Your task
Nothing in the entries may be altered; copy them all exactly.

Data provided

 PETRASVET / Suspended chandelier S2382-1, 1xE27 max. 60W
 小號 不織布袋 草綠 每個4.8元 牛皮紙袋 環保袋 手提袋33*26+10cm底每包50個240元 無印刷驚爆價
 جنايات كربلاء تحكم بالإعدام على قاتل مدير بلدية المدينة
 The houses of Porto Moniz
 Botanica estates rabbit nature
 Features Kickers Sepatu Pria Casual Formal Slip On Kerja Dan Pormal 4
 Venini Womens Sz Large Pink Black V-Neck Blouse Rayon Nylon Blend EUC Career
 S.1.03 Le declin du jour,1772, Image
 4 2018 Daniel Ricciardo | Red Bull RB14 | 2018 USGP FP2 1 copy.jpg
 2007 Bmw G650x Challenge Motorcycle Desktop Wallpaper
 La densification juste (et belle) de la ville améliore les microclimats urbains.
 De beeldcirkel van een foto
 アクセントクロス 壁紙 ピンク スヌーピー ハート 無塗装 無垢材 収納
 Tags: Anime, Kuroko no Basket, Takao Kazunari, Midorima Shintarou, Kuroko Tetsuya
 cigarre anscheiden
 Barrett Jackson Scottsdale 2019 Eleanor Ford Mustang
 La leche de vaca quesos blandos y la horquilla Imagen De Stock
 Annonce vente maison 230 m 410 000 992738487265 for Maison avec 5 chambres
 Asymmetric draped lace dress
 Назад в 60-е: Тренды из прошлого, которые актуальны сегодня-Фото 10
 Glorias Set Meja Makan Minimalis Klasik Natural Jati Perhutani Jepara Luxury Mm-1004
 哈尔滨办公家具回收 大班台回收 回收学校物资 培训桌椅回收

Answer to this problem
 PETRASVET / Suspended chandelier S2382-1, 1xE27 max. 60W
 小號 不織布袋 草綠 每個4.8元 牛皮紙袋 環保袋 手提袋33*26+10cm底每包50個240元 無印刷驚爆價
 جنايات كربلاء تحكم بالإعدام على قاتل مدير بلدية المدينة
 The houses of Porto Moniz
 Botanica estates rabbit nature
 Features Kickers Sepatu Pria Casual Formal Slip On Kerja Dan Pormal 4
 Venini Womens Sz Large Pink Black V-Neck Blouse Rayon Nylon Blend EUC Career
 S.1.03 Le declin du jour,1772, Image
 4 2018 Daniel Ricciardo | Red Bull RB14 | 2018 USGP FP2 1 copy.jpg
 2007 Bmw G650x Challenge Motorcycle Desktop Wallpaper
 La densification juste (et belle) de la ville améliore les microclimats urbains.
 De beeldcirkel van een foto
 アクセントクロス 壁紙 ピンク スヌーピー ハート 無塗装 無垢材 収納
 Tags: Anime, Kuroko no Basket, Takao Kazunari, Midorima Shintarou, Kuroko Tetsuya
 cigarre anscheiden
 Barrett Jackson Scottsdale 2019 Eleanor Ford Mustang
 La leche de vaca quesos blandos y la horquilla Imagen De Stock
 Annonce vente maison 230 m 410 000 992738487265 for Maison avec 5 chambres
 Asymmetric draped lace dress
 Назад в 60-е: Тренды из прошлого, которые актуальны сегодня-Фото 10
 Glorias Set Meja Makan Minimalis Klasik Natural Jati Perhutani Jepara Luxury Mm-1004
 哈尔滨办公家具回收 大班台回收 回收学校物资 培训桌椅回收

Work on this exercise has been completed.